SAN FRANCISCO--What if you built a Web site in Flash and no one could find it?

That's the anxiety that packed more than 100 Flash authors into a meeting room on Wednesday at San Francisco's Herbst Theater during the Flashforward2005 conference, which runs through Friday. The main question on everyone's mind: whether Google indexes pages written in Macromedia's Flash animation format as well as it does "static" Web pages, such as those written in HTML, SHTML, ASP or PHP.

"Flash is a self-contained unit," said workshop leader Gregory Cox, owner of the Leyline Web site promotion consultancy in Ventura, Calif. "The way search engine spiders work, they collect text--what I call 'Google food.' With Flash, there's nothing for search engines to sink their teeth into."

Cox acknowledged reports in the search optimization industry that Google was, in fact, capable of combing through Flash movies for keywords. (Google, which typically keeps mum on its indexing techniques, was not immediately available to comment for this report.)

But that doesn't put Flash sites on equal footing with their static page competitors, Cox cautioned.

The chief hazard is a site written entirely in Flash.
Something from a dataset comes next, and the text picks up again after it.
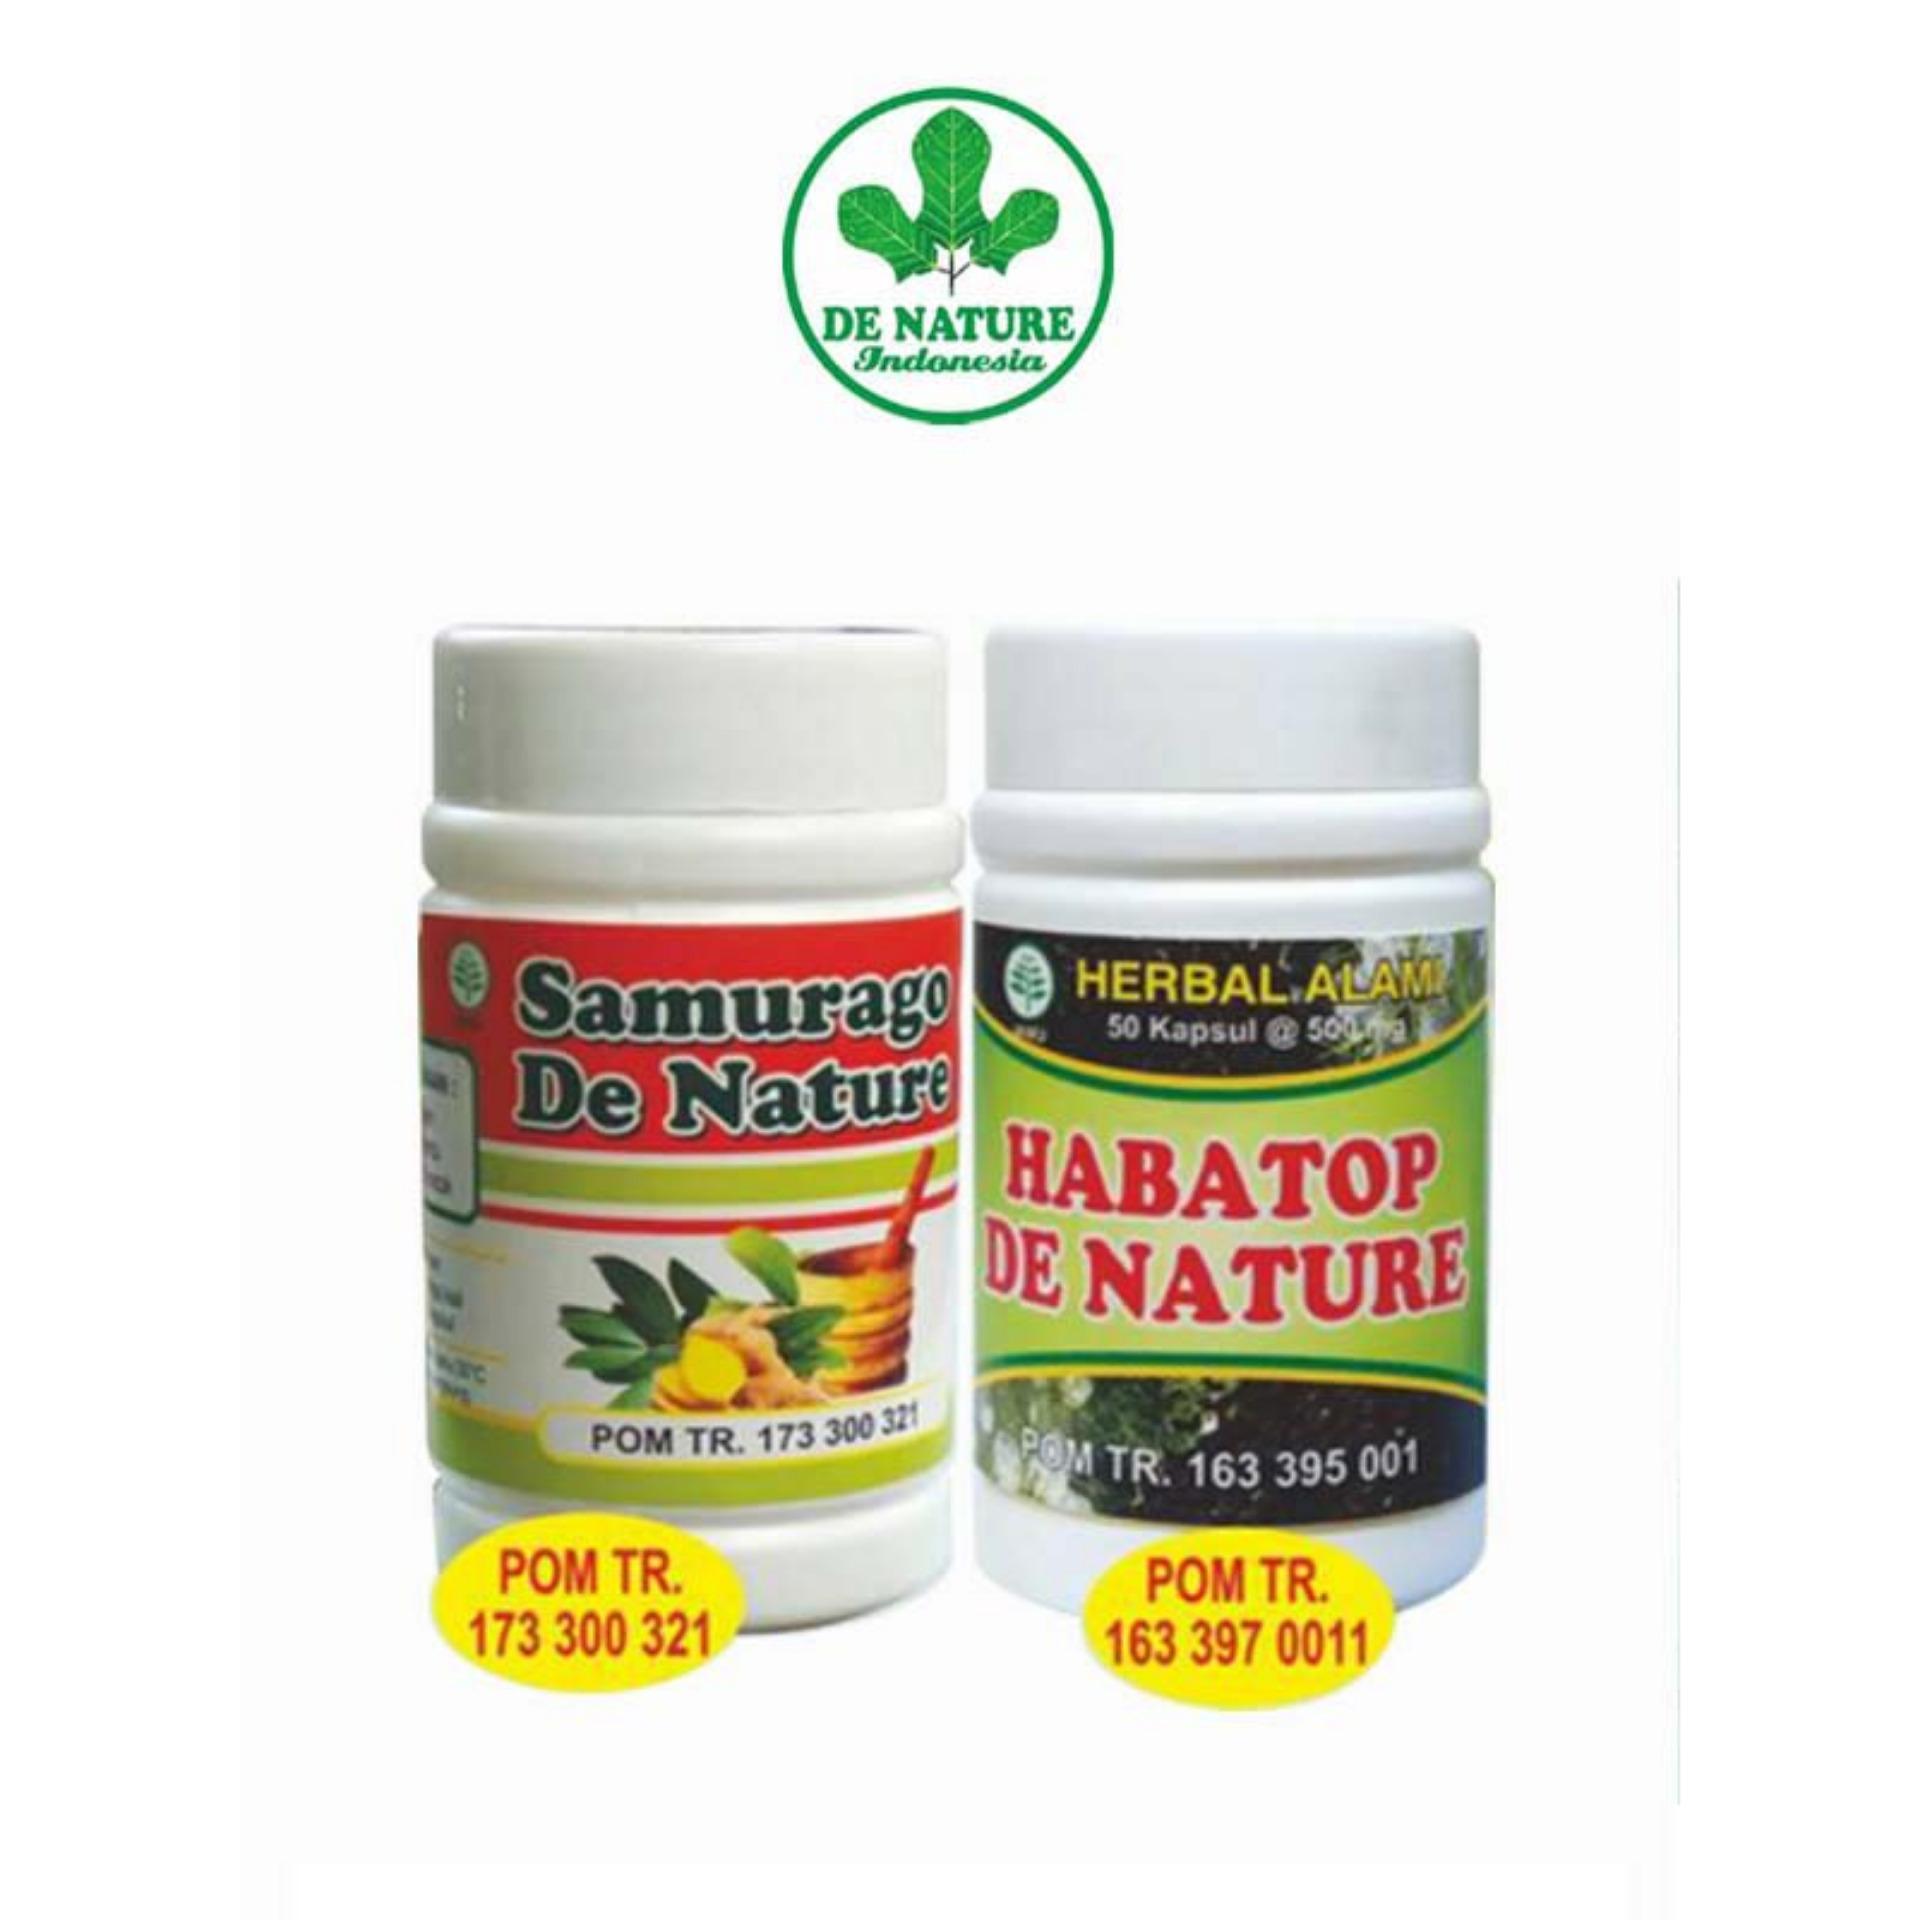 Buy Sell Cheapest Obat Samurago De Best Quality Product Deals Asam Urat Rematik Denature Herbal Habatop Asli Nature

Cox said Google will treat that site as a single file. As a result, the site will lose out in important Google indexing metrics, like the ratio certain keywords make up within a page. On a 100 percent Flash site, Google will calculate that ratio based on the total word count of the site.

Moreover, when Google and other search engines fail to index separate pages within a site, merchants and other Web site operators lose out on opportunities to land specific pages high in the search results for specific queries.

"The more pages you have, the easier it is to promote your products," Cox said.

Cox suggested two strategies for making Flash sites more receptive to Google indexing. One is to offer the site in both Flash and static versions, an already common practice.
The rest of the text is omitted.